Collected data
● ● ● ● ●
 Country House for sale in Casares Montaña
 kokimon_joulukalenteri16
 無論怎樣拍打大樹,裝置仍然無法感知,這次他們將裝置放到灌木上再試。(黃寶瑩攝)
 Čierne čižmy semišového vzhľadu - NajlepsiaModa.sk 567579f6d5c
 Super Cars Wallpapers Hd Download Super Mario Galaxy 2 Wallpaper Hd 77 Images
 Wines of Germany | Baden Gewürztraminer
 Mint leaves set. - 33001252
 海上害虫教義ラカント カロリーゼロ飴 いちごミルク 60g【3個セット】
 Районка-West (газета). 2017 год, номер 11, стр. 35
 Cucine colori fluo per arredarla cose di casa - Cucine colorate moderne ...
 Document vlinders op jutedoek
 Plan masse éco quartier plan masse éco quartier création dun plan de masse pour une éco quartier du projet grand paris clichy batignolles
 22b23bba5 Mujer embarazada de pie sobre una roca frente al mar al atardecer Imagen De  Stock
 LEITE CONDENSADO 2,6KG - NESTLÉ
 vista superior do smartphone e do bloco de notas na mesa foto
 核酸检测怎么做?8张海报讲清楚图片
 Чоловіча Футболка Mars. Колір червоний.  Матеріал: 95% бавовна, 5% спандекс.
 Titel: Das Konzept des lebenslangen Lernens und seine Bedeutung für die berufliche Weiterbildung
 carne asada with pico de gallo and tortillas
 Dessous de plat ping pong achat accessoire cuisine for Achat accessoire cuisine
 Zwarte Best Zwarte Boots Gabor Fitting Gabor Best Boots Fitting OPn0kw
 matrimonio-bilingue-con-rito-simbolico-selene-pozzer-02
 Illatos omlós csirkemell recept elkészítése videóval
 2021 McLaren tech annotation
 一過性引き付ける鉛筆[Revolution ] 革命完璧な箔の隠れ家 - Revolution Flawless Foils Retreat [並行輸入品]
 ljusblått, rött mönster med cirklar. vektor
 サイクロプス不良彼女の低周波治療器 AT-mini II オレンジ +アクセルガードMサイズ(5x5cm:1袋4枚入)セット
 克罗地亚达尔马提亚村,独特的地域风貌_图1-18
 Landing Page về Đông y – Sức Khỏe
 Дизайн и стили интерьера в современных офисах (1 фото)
● ● ● ● ●
WHAT TO DO: Find the line that contains "Чоловіча Футболка Mars." in the data above. Reproduce it and every later line exactly, through the last one.

OUTPUT BELOW:
 Чоловіча Футболка Mars. Колір червоний.  Матеріал: 95% бавовна, 5% спандекс.
 Titel: Das Konzept des lebenslangen Lernens und seine Bedeutung für die berufliche Weiterbildung
 carne asada with pico de gallo and tortillas
 Dessous de plat ping pong achat accessoire cuisine for Achat accessoire cuisine
 Zwarte Best Zwarte Boots Gabor Fitting Gabor Best Boots Fitting OPn0kw
 matrimonio-bilingue-con-rito-simbolico-selene-pozzer-02
 Illatos omlós csirkemell recept elkészítése videóval
 2021 McLaren tech annotation
 一過性引き付ける鉛筆[Revolution ] 革命完璧な箔の隠れ家 - Revolution Flawless Foils Retreat [並行輸入品]
 ljusblått, rött mönster med cirklar. vektor
 サイクロプス不良彼女の低周波治療器 AT-mini II オレンジ +アクセルガードMサイズ(5x5cm:1袋4枚入)セット
 克罗地亚达尔马提亚村,独特的地域风貌_图1-18
 Landing Page về Đông y – Sức Khỏe
 Дизайн и стили интерьера в современных офисах (1 фото)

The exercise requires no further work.